The two young boys ran away but the girl stood her ground until the attendant reached her and kicked her, hard, in the rear. All the time he was shouting what I assume was along the lines of “Go Away” in Otjiherero. Quite sensibly at this point she also legged it avoiding a second boot from him.

It took a couple of seconds for what I had just seen to sink in. The petrol attendant had just, maliciously and violently, kicked a small child.

There were perhaps twenty people on the forecourt at this time and it seemed I was the only one staring aghast in shock at what had happened.

I wanted to march over and enquire as to whether kicking children made him feel like a big tough man but realised pretty quickly that I was absolutely incandescent with rage and really couldn’t trust myself. Even writing about it some days later I find I am still very angry.
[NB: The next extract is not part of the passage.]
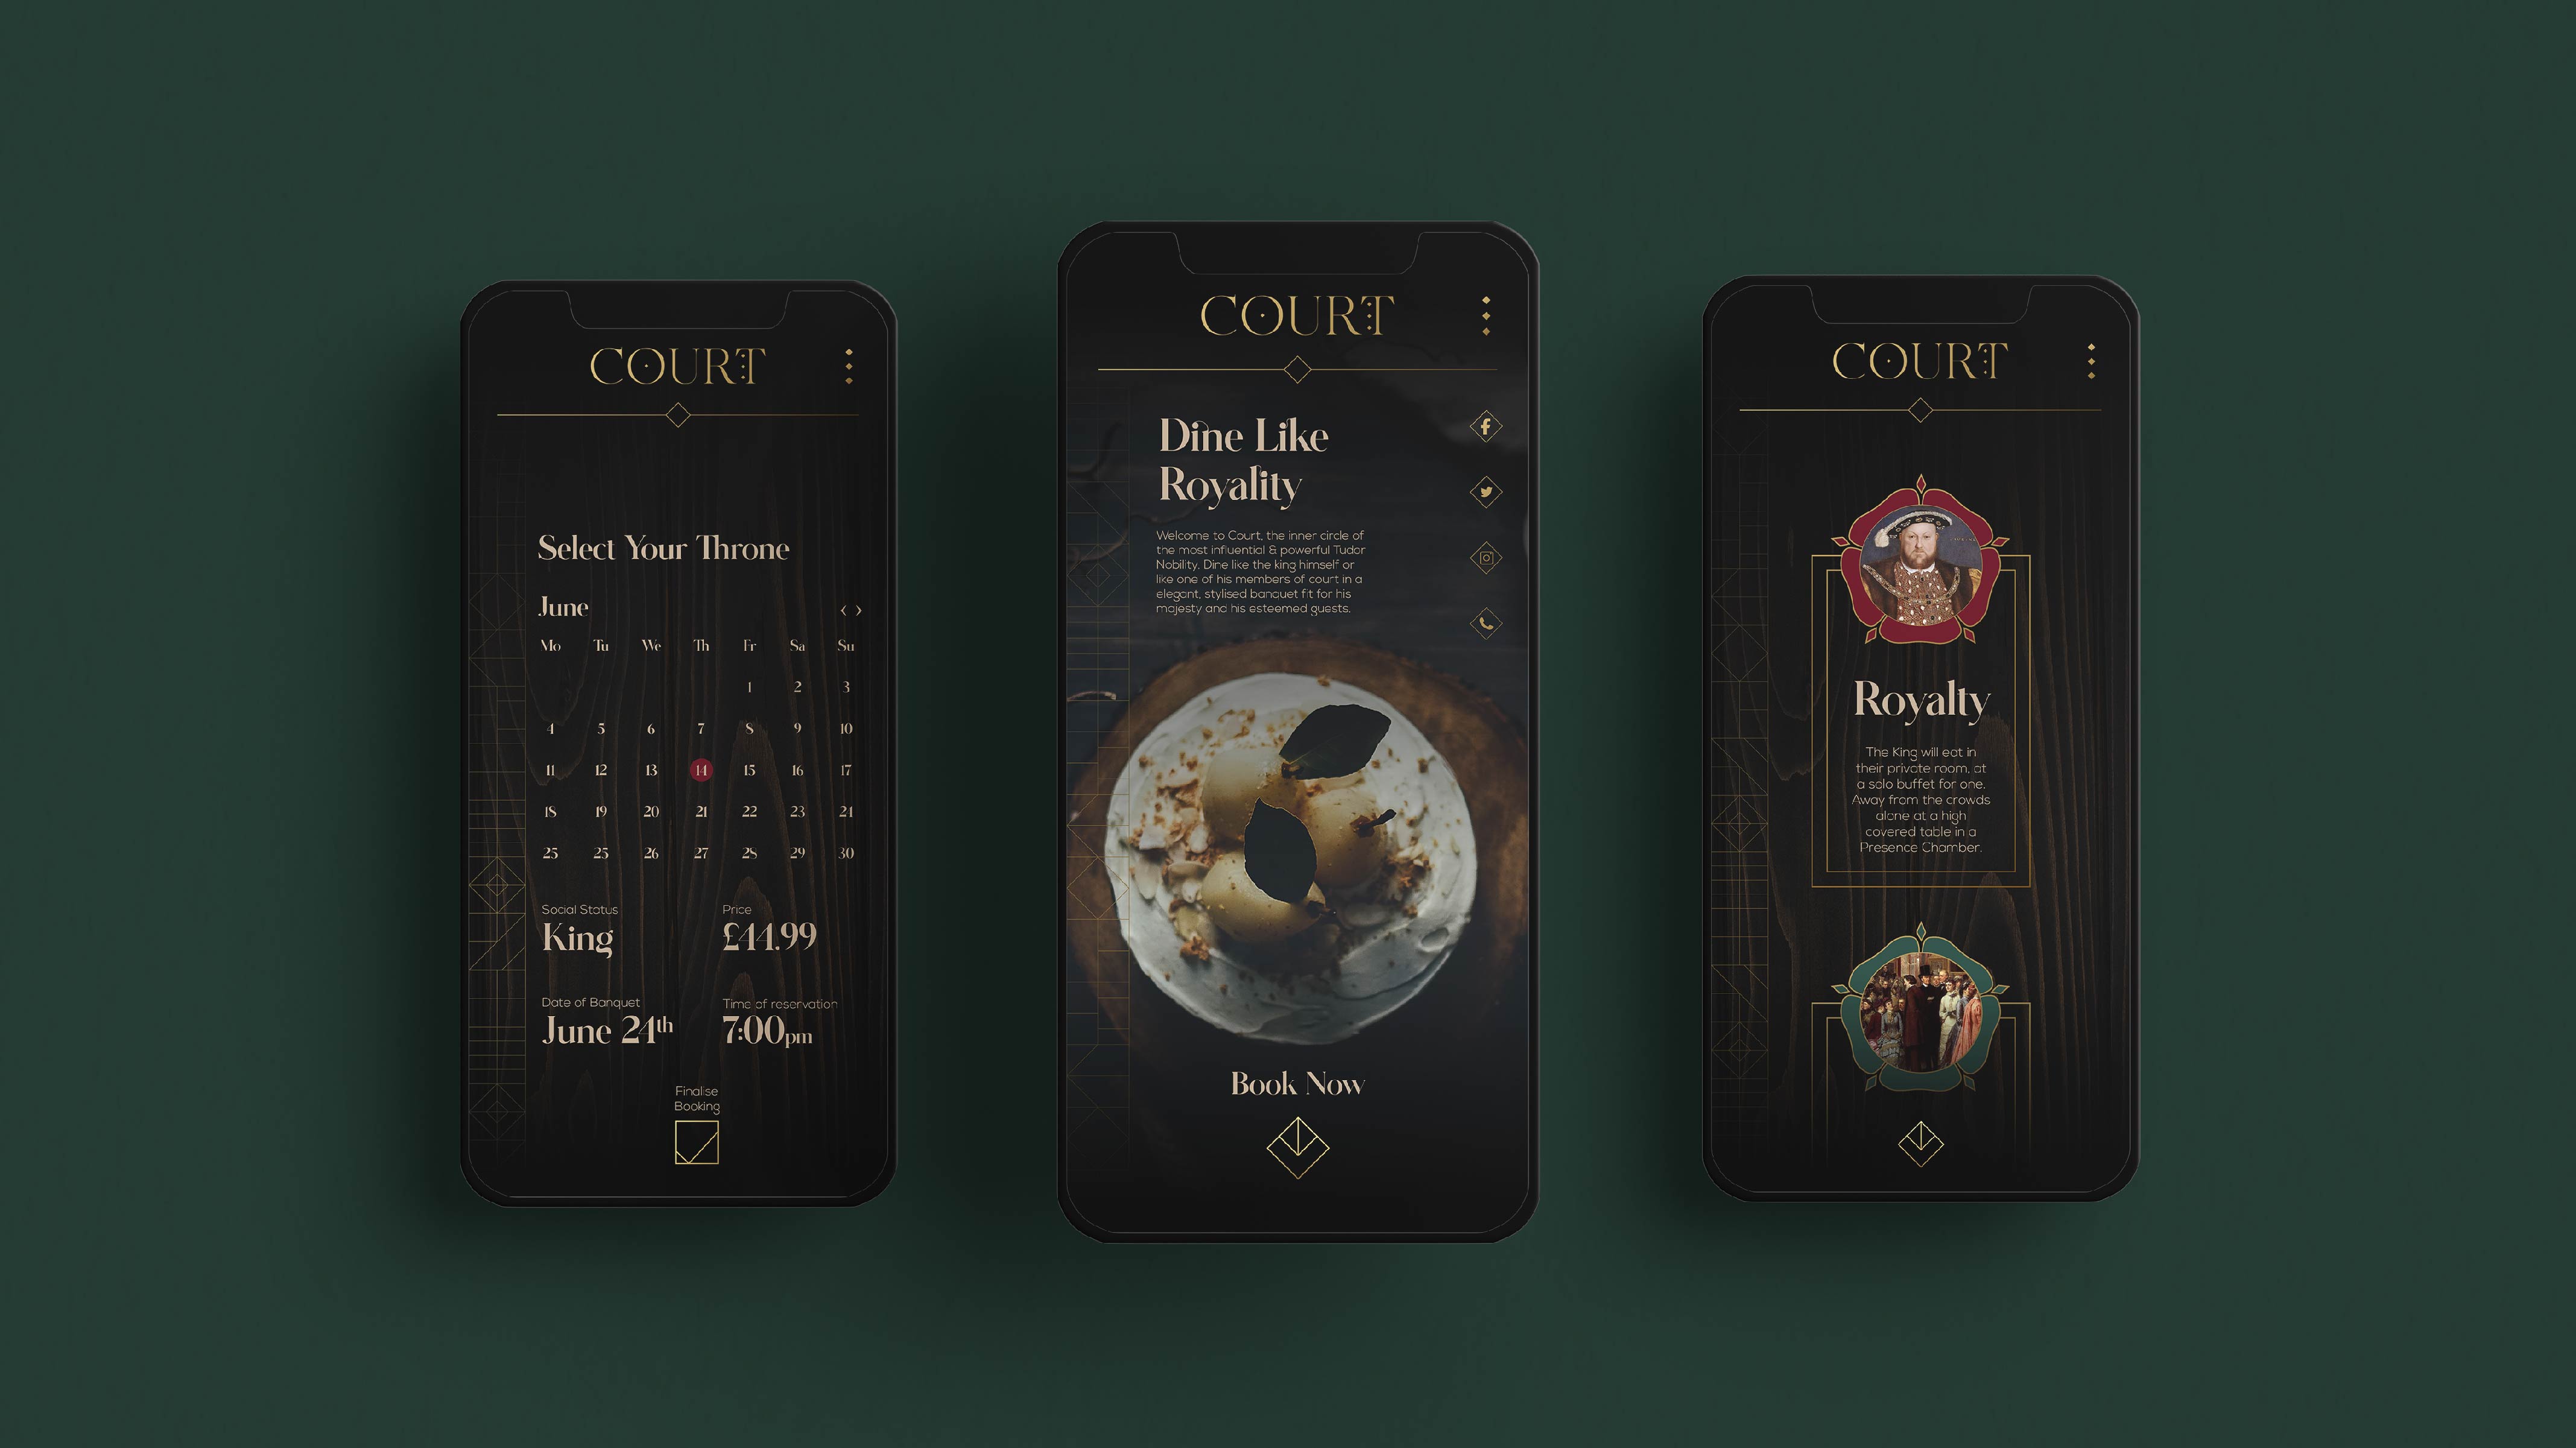 BA Graphic Communications work by Keiran O'Shea showing iPhone mockups for a responsive app for a restaurant, that is grounded in its location's history and feeling.
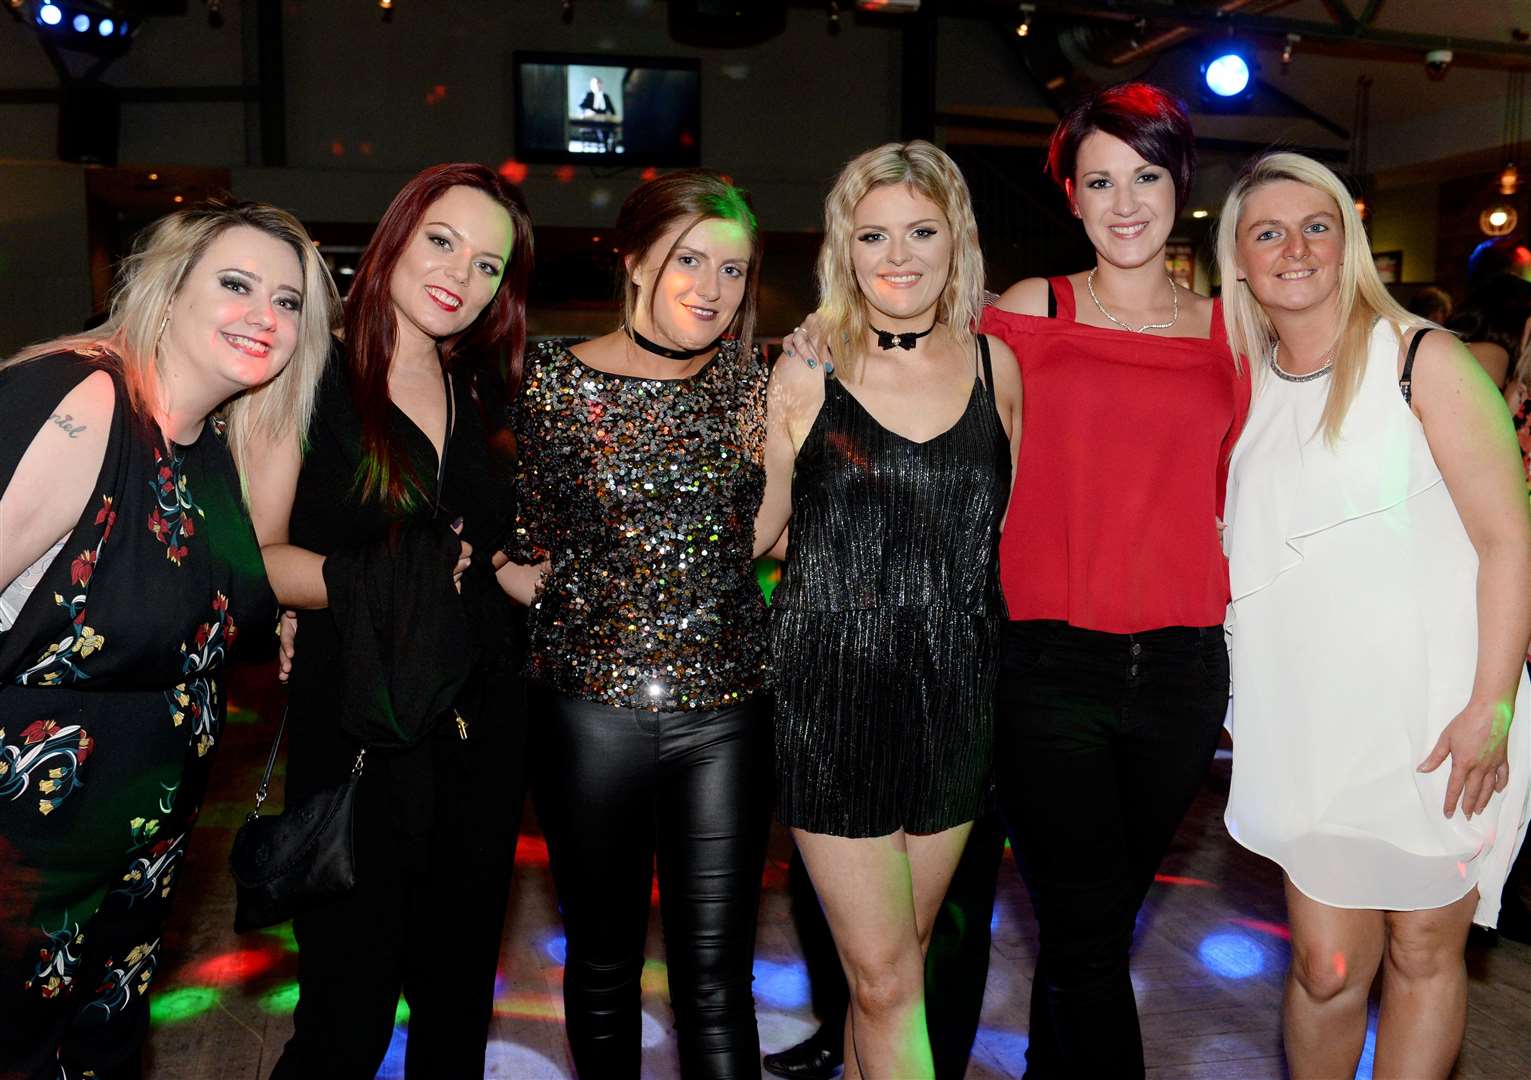 Jade Buchanan(3rd right) parties on her 28th birthday at Auctioneers.

Whatever the correct response should be, I was pretty certain that fisticuffs on the forecourt wasn’t it.

I tried to think what I should do.

In the UK I think a whole group of people would have confronted the attendant, the child would still be there and the police would (rightly) be called.

In Namibia nobody batted an eyelid and the kids had run off, even if the police were to be called the victims had gone.

Instead I, impotently, settled for glaring at the attendant who (though I may be imagining this) wouldn’t meet my eye.

I resolved if that attendant brought my receipt I would say something. He didn’t.

So I drove off, very angry at what I had seen but somewhat pleased that I hadn’t ended up rolling around on the floor (and no doubt getting arrested/deported myself).

As a result I am now practicing a one-man boycott of the BP garage (unless absolutely essential as it’s the only 24-hour one). I’m also keeping an eye out for the girl in the bin-liner skirt and will make a point of giving generously if I do see her again.

I think what got me the most about it wasn’t as much the violence, I’d be foolish to assume that violence against vulnerable people doesn’t happen here as it does anywhere, but the lack of response or empathy of any kind from any of the numerous onlookers.

Now with the gift of hindsight I am able to wonder why the attendant reacted so vociferously to the kids when the adult beggars are allowed to freely practice their “trade”. Perhaps the kids are famous for their thieving or perhaps he couldn’t get away with it as adults are liable to kick back.

Either way and whatever the back story I still find it totally unacceptable and objectionable on many levels.